Boris Johnson to scrap gender self-identification plans

 (Photo: Pexels/Magda Ehlers)

The Prime Minister is preparing to drop proposed changes to the law that would make it easier for people to change their legal gender, it has been reported.

The Sunday Times reports that the U-turn is detailed in a leaked paper setting out the Government's response to a public consultation on reforms to the Gender Recognition Act. 

According to the paper, while around 70 per cent of the 100,000 responses to the consultation supported the reforms, officials said this figure had been "skewed" by an "avalance" of responses from trans rights groups.

Plans to allow people to 'self-identify' as a different sex were first put forward by the Government under Theresa May.  The proposed reforms would remove the need for medical evidence and change the length of time required by a transgender person to live in their acquired gender from two years to three months. 

The proposals have faced strong opposition from women's and Christian groups, who are calling for the protection of single-sex spaces. 

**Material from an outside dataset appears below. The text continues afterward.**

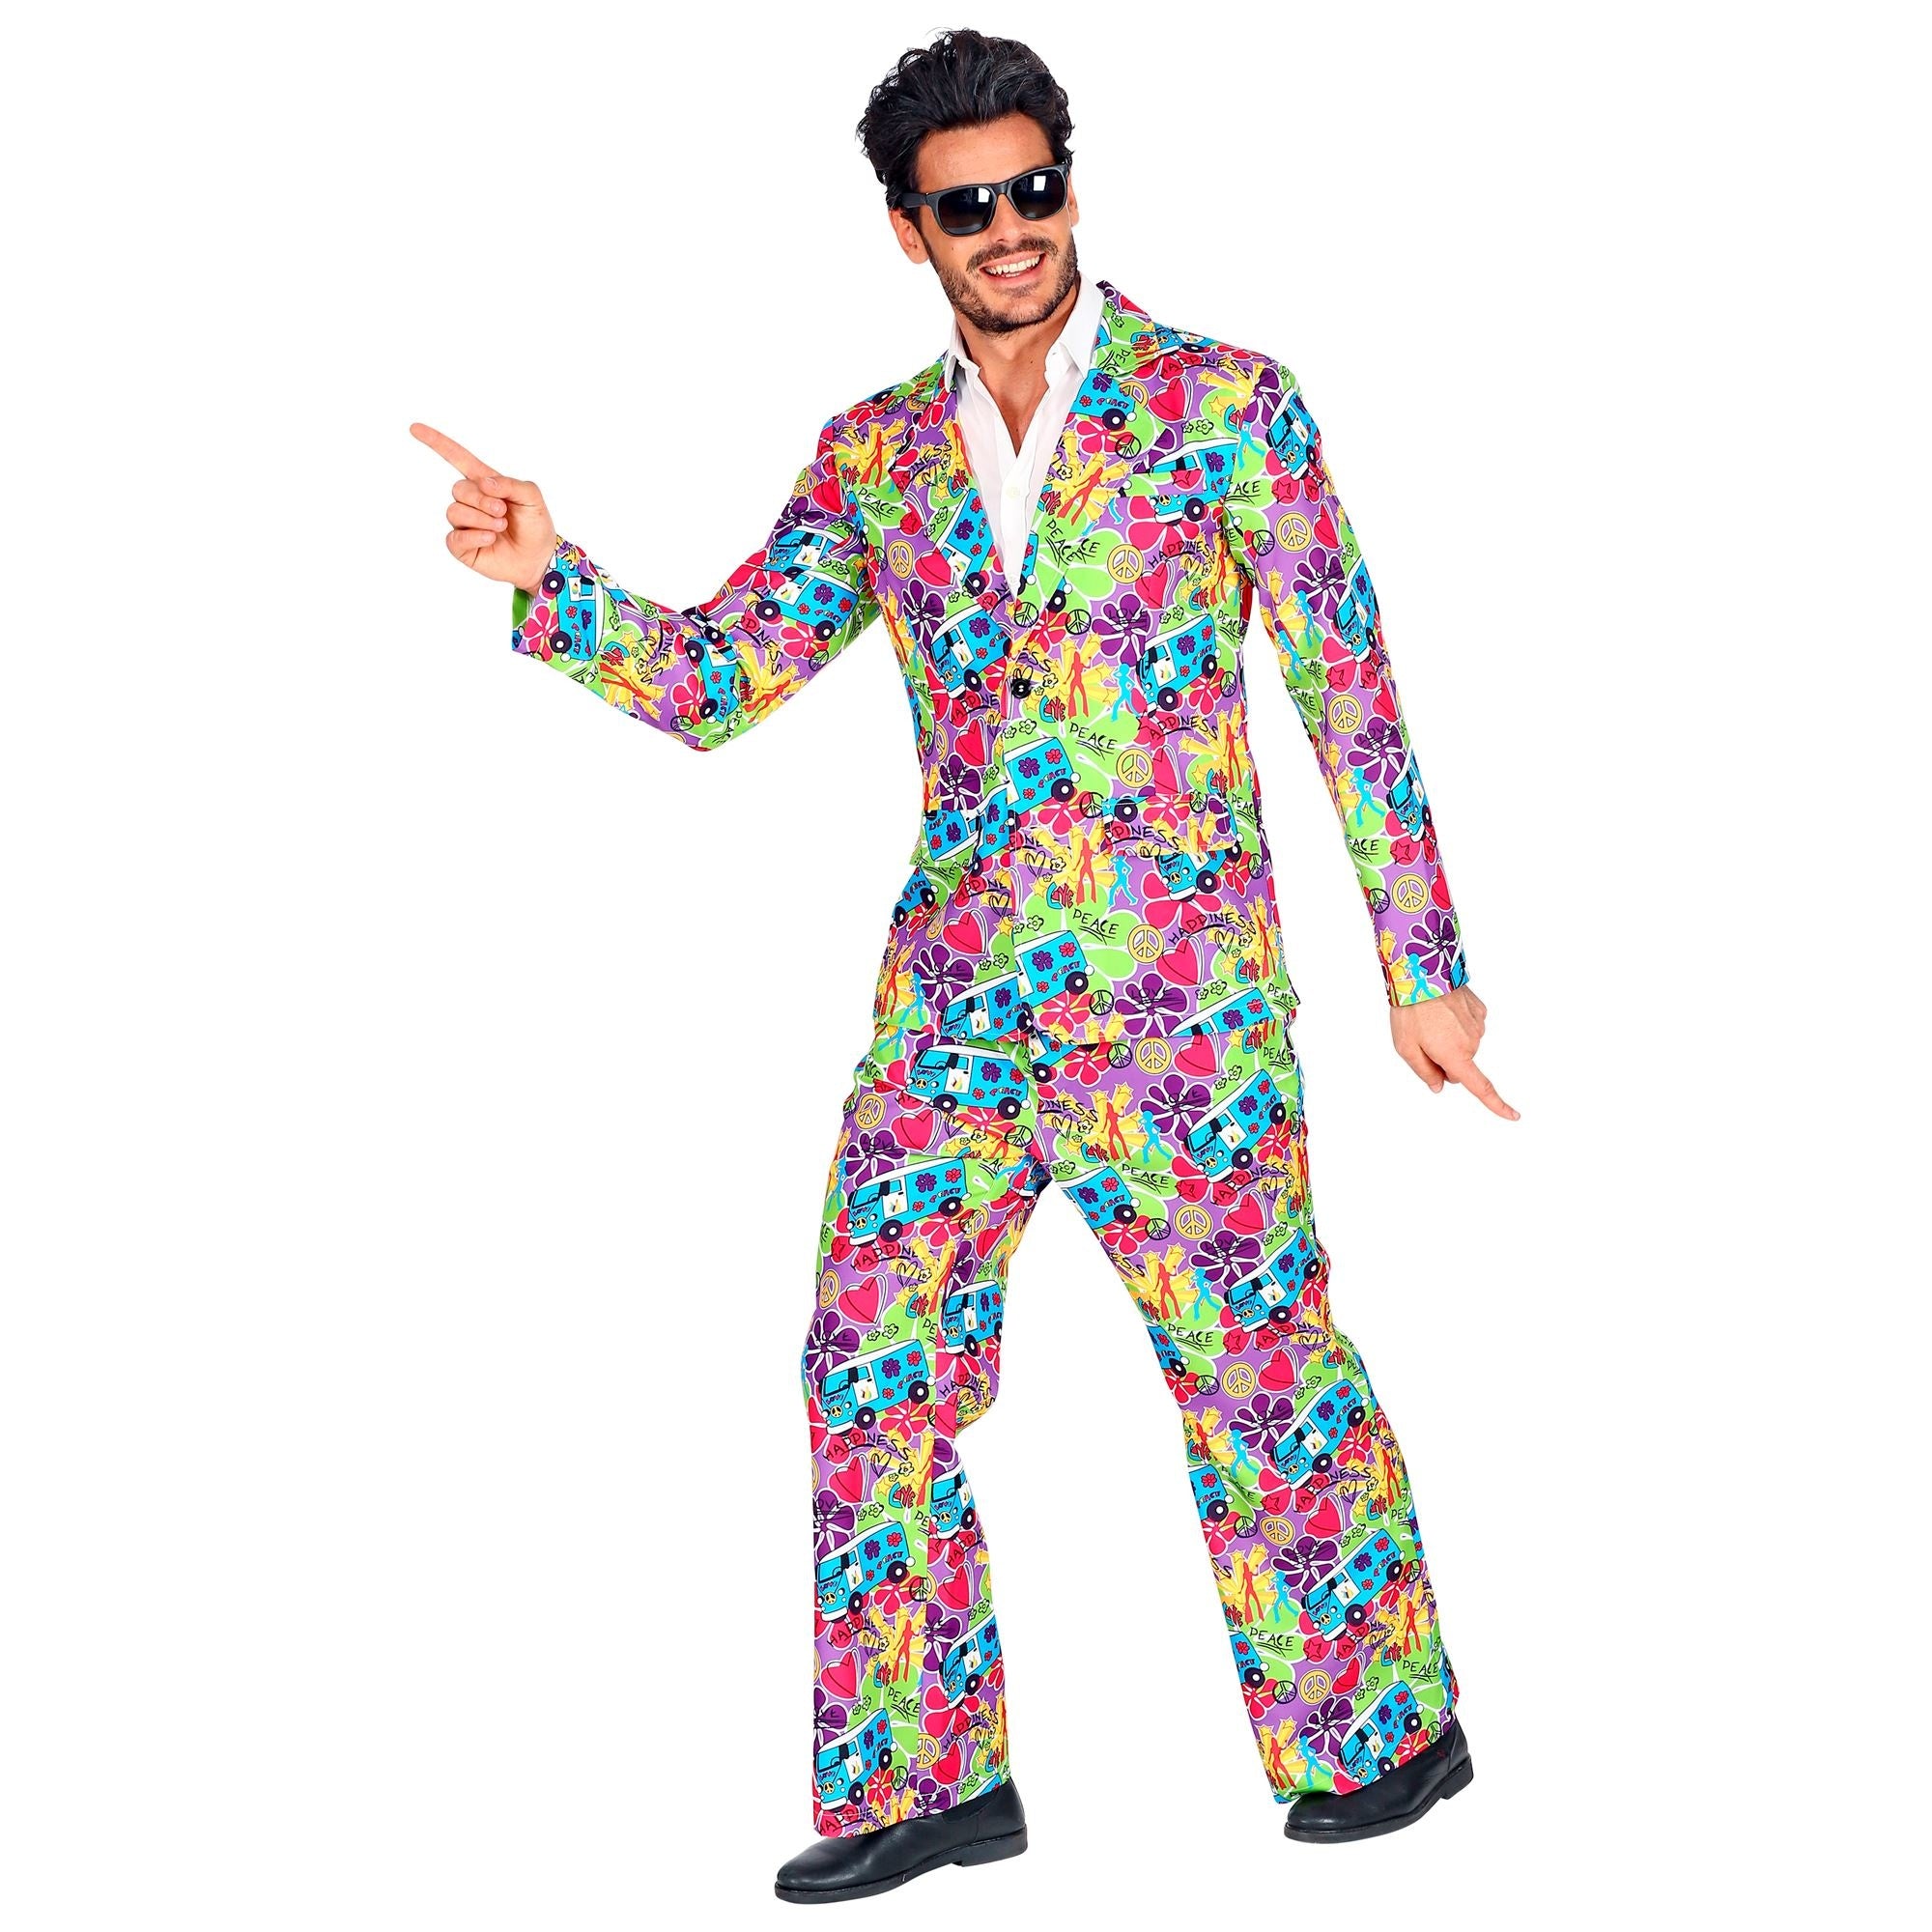 Widmann - Hippie Kostuum - Vrolijke Kleurige Hippie Symbolen - Man - multicolor - XL - Carnavalskleding - Verkleedkleding

The Sunday Times reports that No 10 is working on new measures to ensure that female-only spaces, like public toilets, are not used by those with male anatomy. 

It said that the leaked paper is due to be published by equalities minister Liz Truss at the end of July, and will, in a bid to appease LGBT groups, include plans to ban conversion therapy.

"In terms of changing what is on your birth certificate, you will still need to have proper medical approval," a source was quoted by the paper as saying.

"And you're not going to be able to march in and find a hippie quack doctor who is willing to say you're a woman. That's not going to happen."

The source added: "There will be big moves on safe spaces and women-only toilets and and a total ban on 'gay cure' therapies."

Ms Truss defended single-sex spaces earlier this year when she addressed the Women and Equalities Select Committee.

In her comments, she said it was "extremely important" that the Government protect single-sex spaces, and also children and young people from "irreversible" treatment.